Si en un principio, de entrada, el hombre invisible pensó, por su color translúcido, que los cadáveres de la sala de necropsias estaban refrigerados, después descubrió que no. No. Era la transparencia de la muerte que nos deja a todos como santos coloniales de madera policromada, pero con colorcitos discretos, lívidos, de opalino a alabastrino. Los que sí están refrigerados son los N.N., o no identificados, que van a una cava o frigorífico desnudos, colgados de unos ganchos como reses por tres meses, al cabo de los cuales, si nadie los reclama, el Estado los entierra por su cuenta. El Estado, esto es, Colombia, la caritativa.

Cuando el hombre invisible salió, ya era un experto en todo esto. Lo último que vio fue un cadáver boca abajo en una mesa chorreando sangre de la cabeza sobre el piso, y en el mismo piso, en un rincón, una ropa tirada: unos pantalones, una camisa y unos zapatos. Un moscardón pasó zumbando, alborotando el olor fresquecito de la Muerte.

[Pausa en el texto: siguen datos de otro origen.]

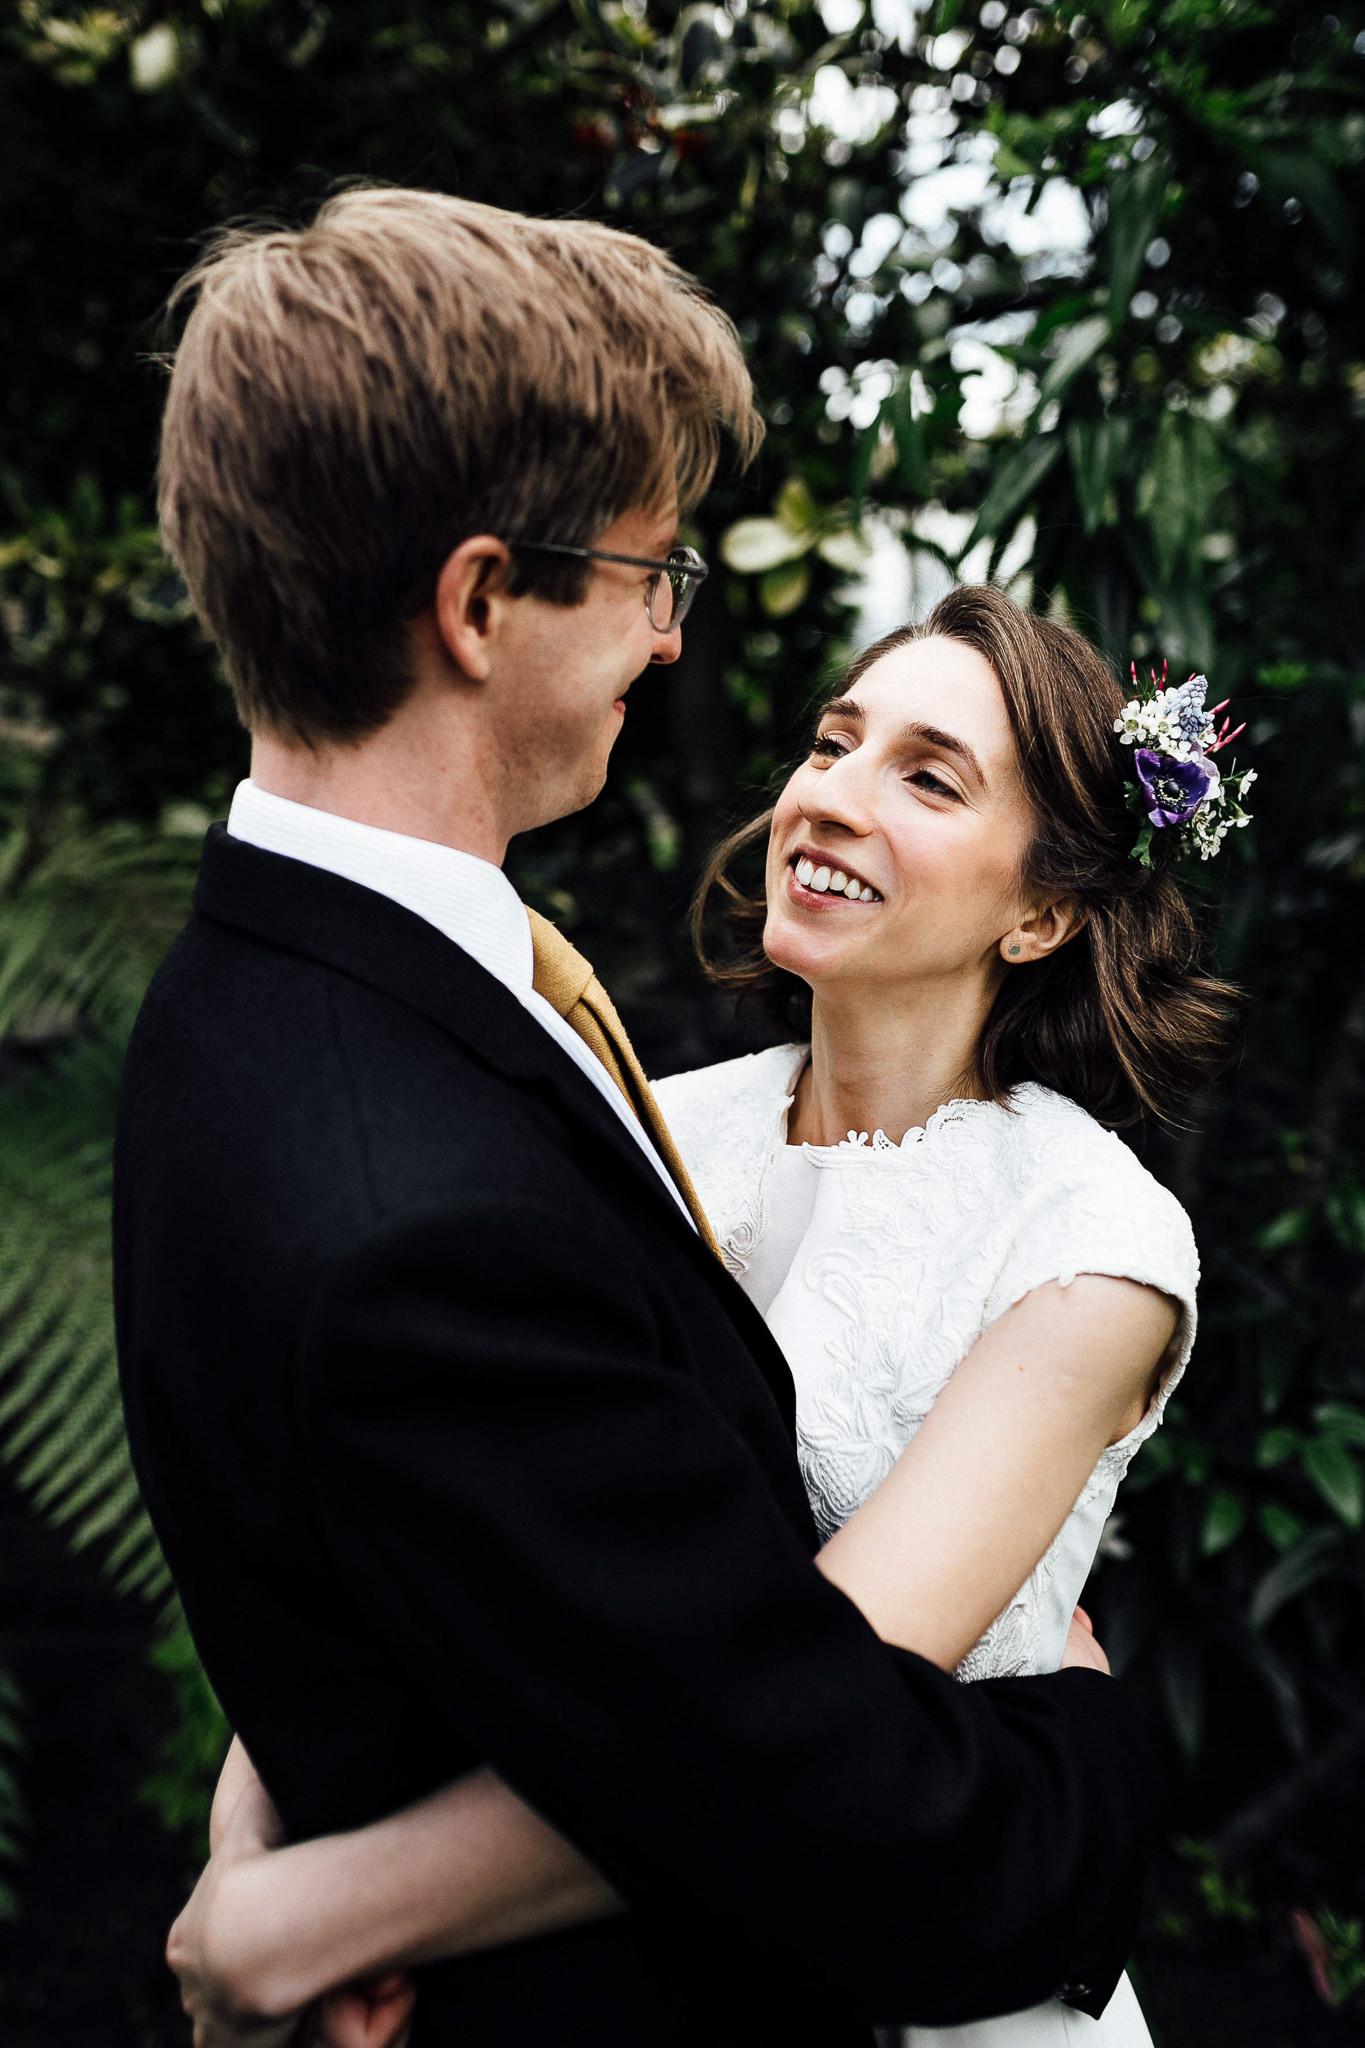 informal, fun, quirky brighton wedding

Salí por entre los muertos vivos, que seguían afuera esperando. Al salir se me vino a la memoria una frase del evangelio que con lo viejo que soy hasta entonces no había entendido: "Que los muertos entierren a sus muertos". Y por entre los muertos vivos, caminando sin ir a ninguna parte, pensando sin pensar tomé a lo largo de la autopista. Los muertos vivos pasaban a mi lado hablando solos, desvariando. Un puente peatonal elevado cruzaba la autopista. Subí. Abajo corrían los carros enfurecidos, atropellando, manejados por cafres que creían que estaban vivos aunque yo sabía que no. Arriba volaban los gallinazos, los reyes de Medallo, planeando sobre la ciudad por el cielo límpido en grandes círculos que se iban cerrando, cerrando, bajando, bajando. Es la forma que tienen ellos de aterrizar, con delicadezas, con circunloquios sobre lo que les corresponde pero que el hombre necio, enterrador, les quiere quitar ¡para dárselo a los gusanos!